Given records:
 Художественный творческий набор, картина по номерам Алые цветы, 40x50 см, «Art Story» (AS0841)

...

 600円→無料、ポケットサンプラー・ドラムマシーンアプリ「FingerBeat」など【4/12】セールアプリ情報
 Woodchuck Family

Description of the task:
Starting with the line with "600円→無料、ポケットサン" above and going on through the line with "Woodchuck Family", transcribe every line exactly, both ends included, and add nothing.

Output for this task:
 600円→無料、ポケットサンプラー・ドラムマシーンアプリ「FingerBeat」など【4/12】セールアプリ情報
 Woodchuck Family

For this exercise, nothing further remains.